#25: Back from Guatemala, Eduardo Galeano, Otto Rene Castillo
Hola a todos! I’m back from Guatemala after 8 weeks. I’ve learned a lot of Spanish in that time and feel comfortable saying that my Spanish is functional, but not fully conversational. There’s still a lot of room to grow and I plan to continue my studies via online classes, YouTube, and Spanish language media.
Being back so far has been odd. While moving back into my house has been a seamless transition, I keep accidentally speaking Spanish to strangers. I’m sure that will end soon, but it’s a funny little brainfart. (It ended a few days later).

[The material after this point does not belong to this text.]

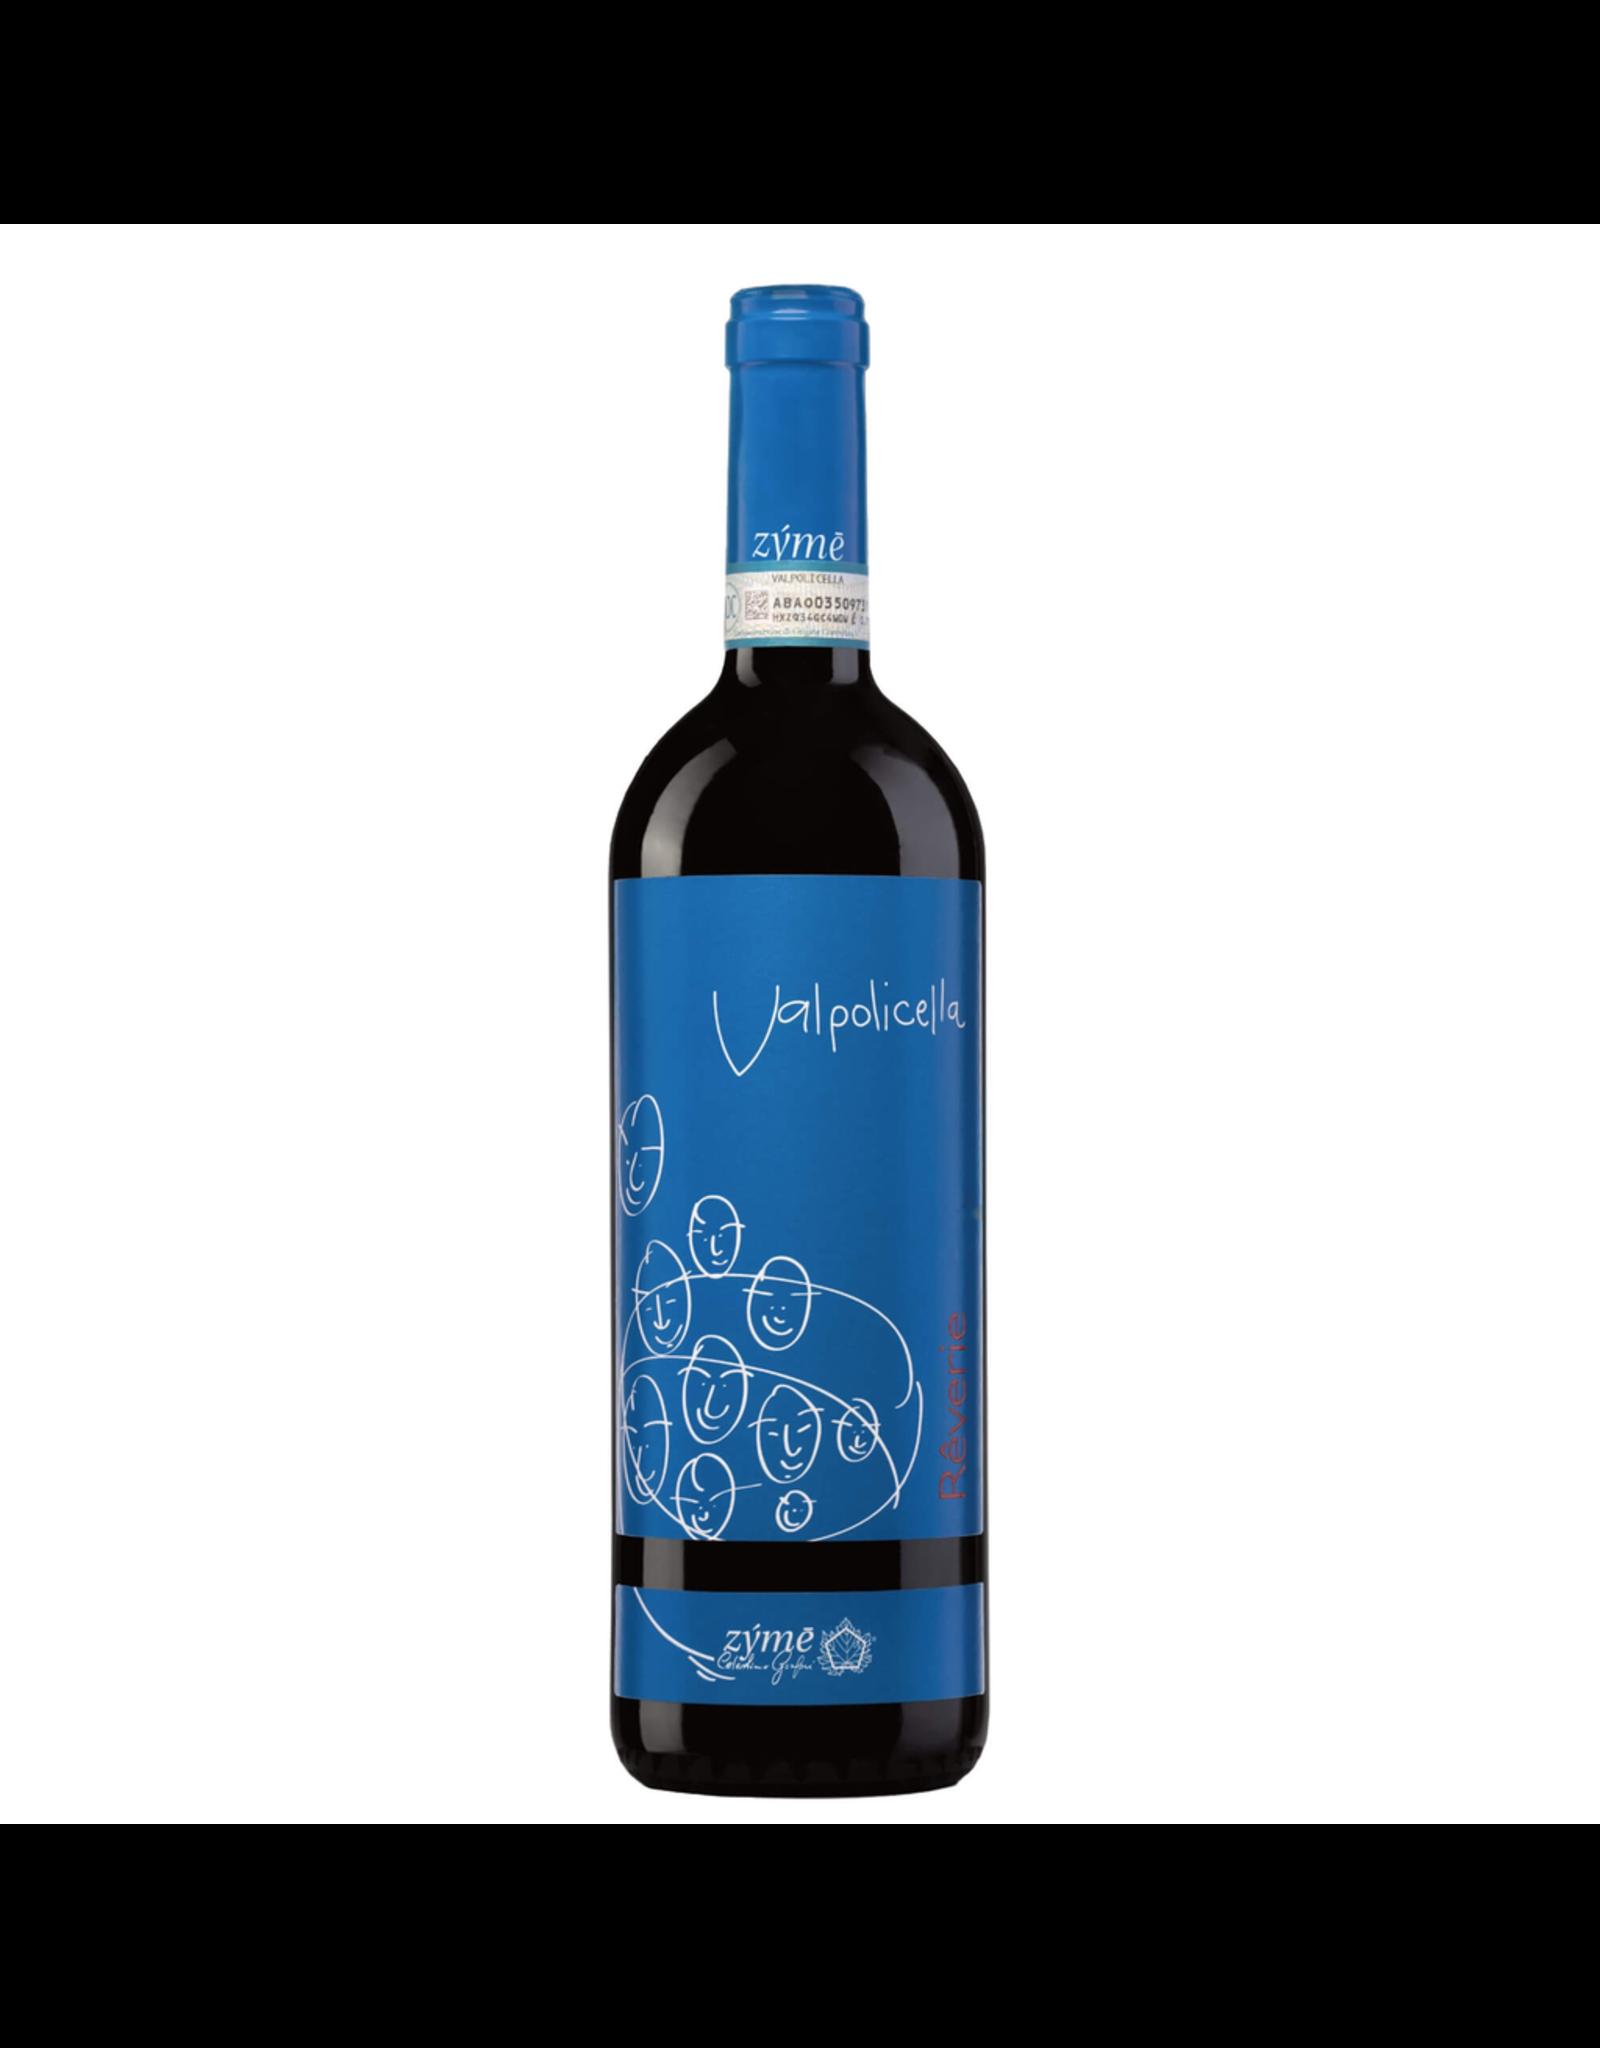 Red Wine 2016, Zyme Valpolicella DOG Reverie, Red Blend, Valpolicella, Veneto, Italy, 11.5% Alc, CT

The school I went to, P. L. Q. was in a small city called Quetzaltenango. When I left, I really didn’t want to do it because it sounded hard, awkward, and uncomfortable. Some of this was true, but that description falls short of my experience at P. L. Q.
On each student’s final Friday, they are asked to write a speech and prepare a poem or song. Instead of gushing about how much I loved my time at P. L. Q., I will instead reproduce my speech here (minus the appropriate accents since I cant figure out how to do that on my laptop):
Hola a todos!
Yo quiero contarles que este escuela ha significado para mi. Pero cuando yo siento todo este gratitud, a veces yo lloro un poco. Entonces, lo siento si yo lloro.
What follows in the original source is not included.